I'll have to give that book a read. The argument I remember* (for england & the Netherlands) was that the soil quality was poor compared to the rest of Europe. The landowners in both states turned to trade, first as a supplement but eventually whole hog.

  • I would send book titles, but they were my professors self published and I'm not that inclined to self dox

**Also mildly surprised we didn't read this book, seems just as relevant as Daemonologie /hj

[–] Redbolshevik2@hexbear.net 1 points 13 hours ago

The argument I remember* (for england & the Netherlands) was that the soil quality was poor compared to the rest of Europe. The landowners in both states turned to trade, first as a supplement but eventually whole hog.

The first chapter of Origin is dedicated to summarizing the various schools of thought (at the time of publishing) on where Capitalism originated in Europe and why, and one of those that the author rejects is the idea that Capitalism arose primarily from trade.

**Also mildly surprised we didn't read this book, seems just as relevant as Daemonologie /hj

I don't remember who recommended it, and it takes a specific position in a debate, so I'm sure there's some sectarian element that's beyond my understanding.

[–] vovchik_ilich@hexbear.net 5 points 1 day ago (1 children)

Gonna break a limb and say that big part of the reason is geography. Europe has an extremely varied geography compared to India or China, both of the latter being large landmasses without much interruption by mountains. In contrast, Europe has a very weird shape and mountains separating various peninsulae from the comparable Great European Plain (Pyrenees - Iberian Peninsula, Alps - Italic Peninsula, Carpathians/Alps - Balkan peninsula), + British Isles. Since the Roman Empire, Europe hasn't really been unified by any single political entity (other than the overarching catholic church), and even the Romans couldn't control the vast extense of the Great European Plain running from western France to the Urals, and even then relied for food on the bread basket of the great floodplains of the Nile in Egypt.

China and India, with their vast floodplains, could both feed an astounding amount of people and remain more or less unified in a single political entity for extended periods of time (reason why the Chinese consider themselves the oldest continuous civilization).

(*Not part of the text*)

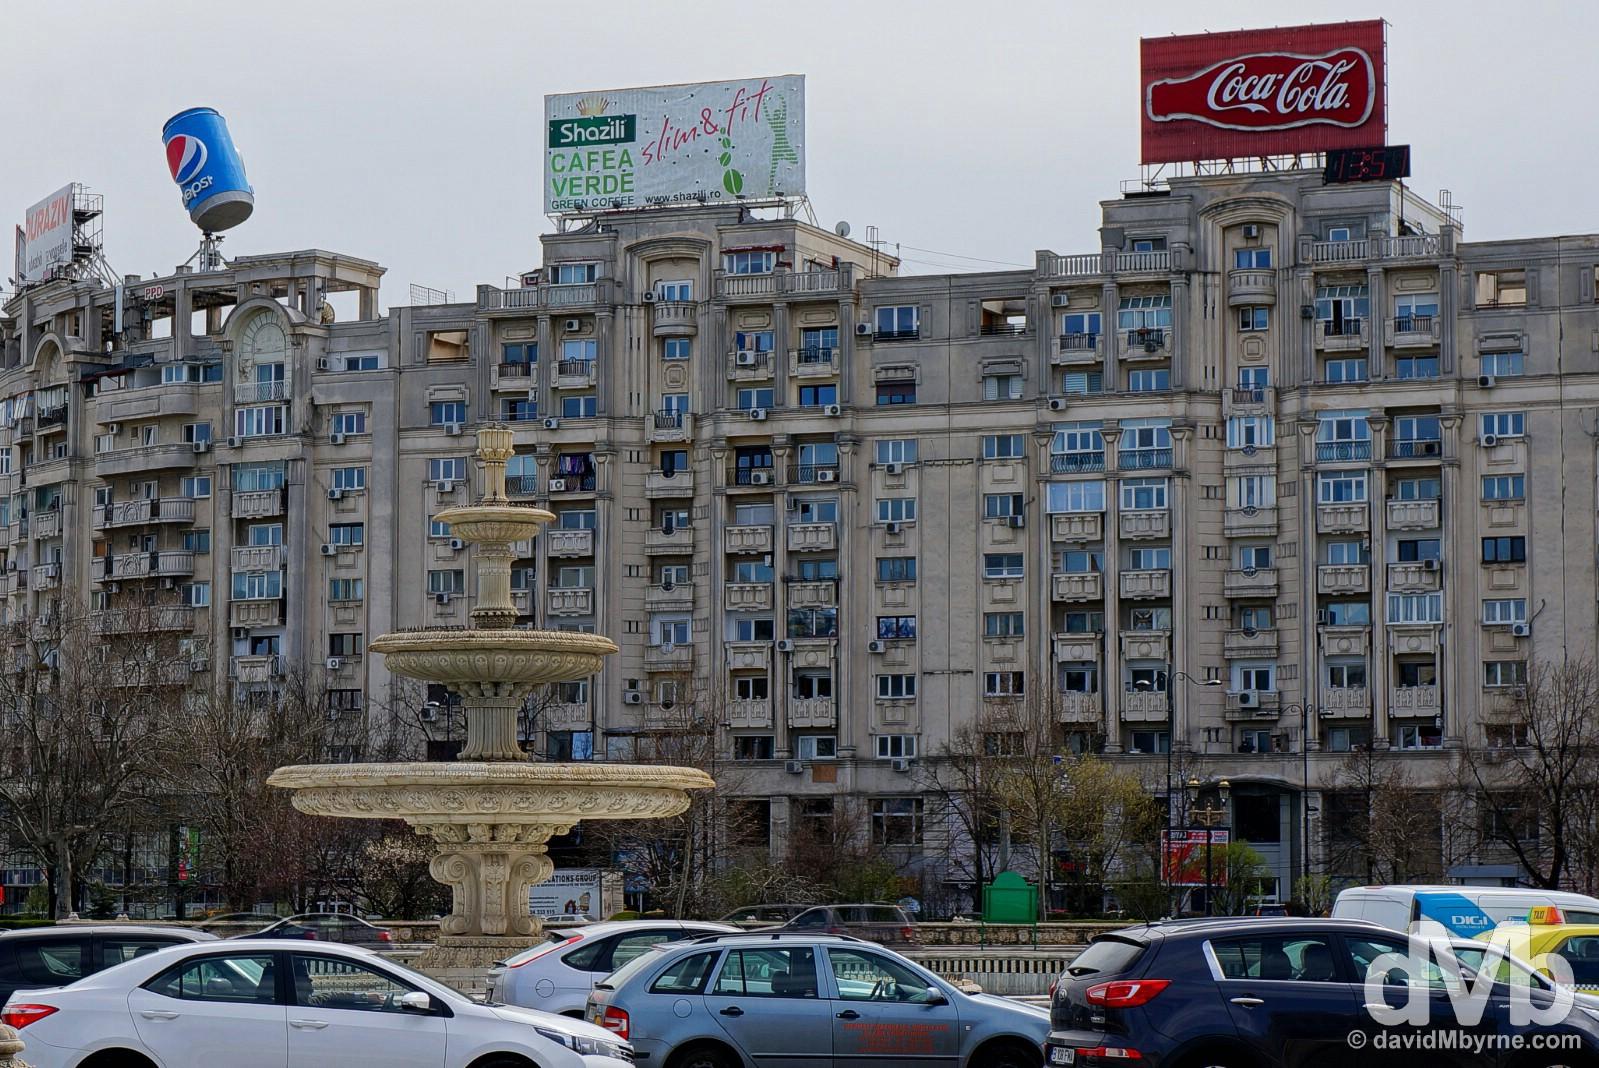 Piata Unirii, Bucharest, Romania. April 1, 2015.

I cannot pinpoint any particular characteristic of these differences in geography and its consequences uniquely determining the history of colonialism by Europe (particularly western Europe), but for example, Germany's expansionist plans historically have had to do with conquering neighboring lands of Poland, France and even the vast fertile lands of Ukraine and Southern Russia, and less with overseas colonies the way we understand them. The same can be said of the Russian Empire, with its territorial desires reaching all of the east, part of China, west towards Poland, and south only as far as Constantinople/Byzantium/Istanbul. I guess maybe contiguous territory conquests are historically less prone to colonialism and more people to expansionism and assimilation, and overseas are more prone to colonialism?

[–] theturtlemoves@hexbear.net 4 points 6 hours ago

India or China ... being large landmasses without much interruption by mountains.

Both India and China have one large plain covering about a quarter of the country, and a handful of smaller plains with about half the land covered by hills and mountains. Not that different from Europe.

China and India, with their vast floodplains, could both feed an astounding amount of people and remain more or less unified in a single political entity for extended periods of time

China was unified for most of its history. India was only politically unified by the British - historically there would be one large state somewhere in the central plain, and dozens of smaller states that may be under its economic and cultural hegemony, but otherwise independent.

[–] gayspacemarxist@hexbear.net 3 points 1 day ago (1 children)
[–] Redbolshevik2@hexbear.net 2 points 1 day ago

I haven't, but it's on my list now.

[–] TheReturnOfPEB@reddthat.com 3 points 1 day ago* (last edited 17 hours ago)

The Crusades changed how Europeans thought about empire.